The book may say this...but I disagree...COMPLETELY. This sort of misconception is dangerous; it causes people to feel judged, guilty and to turn away from God. It fries me! God hears everything.
What is the point of praying for forgiveness...God wouldn't hear it. Wanting to forgive and doing it are not equal. Desire is merely a step.

So does God only pay attention and help those with the LEAST need? UM...NO!!!
Let's see...who did Jesus associate with...Oh, right, the tax collectors, prostitutes, lepers...sinners and diseased. We are saved by God's GRACE.

God helps all...it is just that not all accept. They don't even know they are unaccepting--self-righteous piety can make a person blind and deaf along with hardening one's heart. God abandons NO ONE.


Quote:
the day they move in together I will really suffer
...if you say so.

So say something else...say you'll do a happy dance.


Quote:
another gf has taken OW's side although she keeps pretending that she hasn't.
Curious...can you elaborate?

Quote:
BUILD A "HEDGE OF THORNS" BY PRAYER
I BELIEVED and prayed that
  • they fought
  • she bitched
  • she controlled
  • they were miserable together
And then sometimes I'd make reference to their fighting, misery and the tight leash to Sweetheart...subtle hypnosis insurance.

It freaked him out...not in a bad or good way...he'd just shake his head and ask if I were psychic.
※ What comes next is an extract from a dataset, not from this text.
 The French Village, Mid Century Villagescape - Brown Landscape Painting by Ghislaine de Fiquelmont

He didn't deny...sometimes asked how I knew...I said I knew him--if what we were talking about applied to knowing him...such as misery.

It seems that your problem is one of FAITH. You say you KNOW and have experienced what I refer to as KNOWINGS...and yet you doubt.
You don't need Faith for the obvious. So of course you're not going to see 'signs' from your MLCer--until later that is. Faith is necessary (well, always...but) in the absence of logical evidence. Faith is what you rely on when the surface view shows something else. Einstein did poorly in school--EINSTEIN! If that is the only data, the evidence does not point to genius...and yet his name has become a synonym for just that.
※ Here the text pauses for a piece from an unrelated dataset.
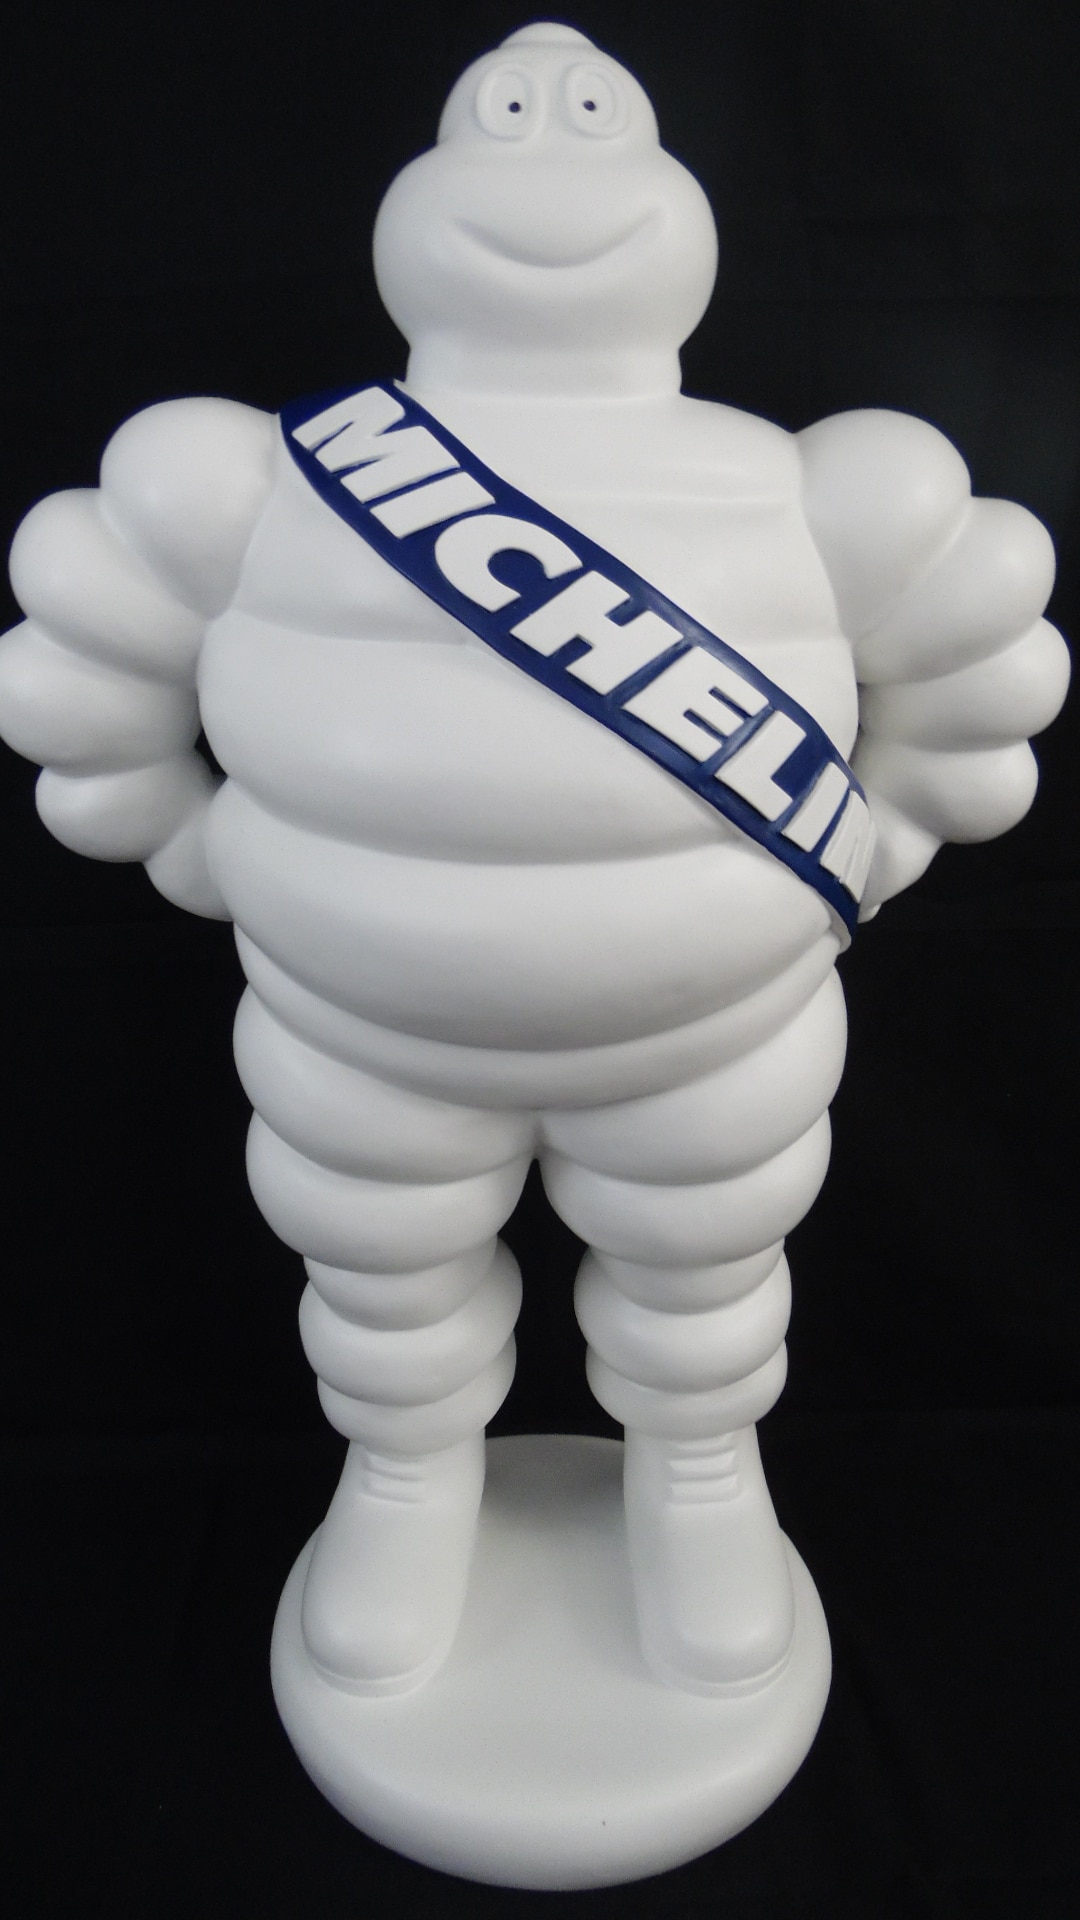 Produits Bibendum Michelin pour personnaliser son Poids Lourds

Practice forgiving...it's a process. Quiet your heart and soul. The OW is a disturbed lady, not a hateful one. And you husband...he moves slowly...he actually postponed his major Replay until you graduated! He announced it...but that it would not take effect until... huh? Sweetheart dropped the bomb and left. He didn't say he would wait until... Okay, yes, he had a pressuring OW. But yours needs external sources of motivation. The OW is his Replay motivator...but he had conscious prewarning...weird.

So just be patient. He'll come through...eventually.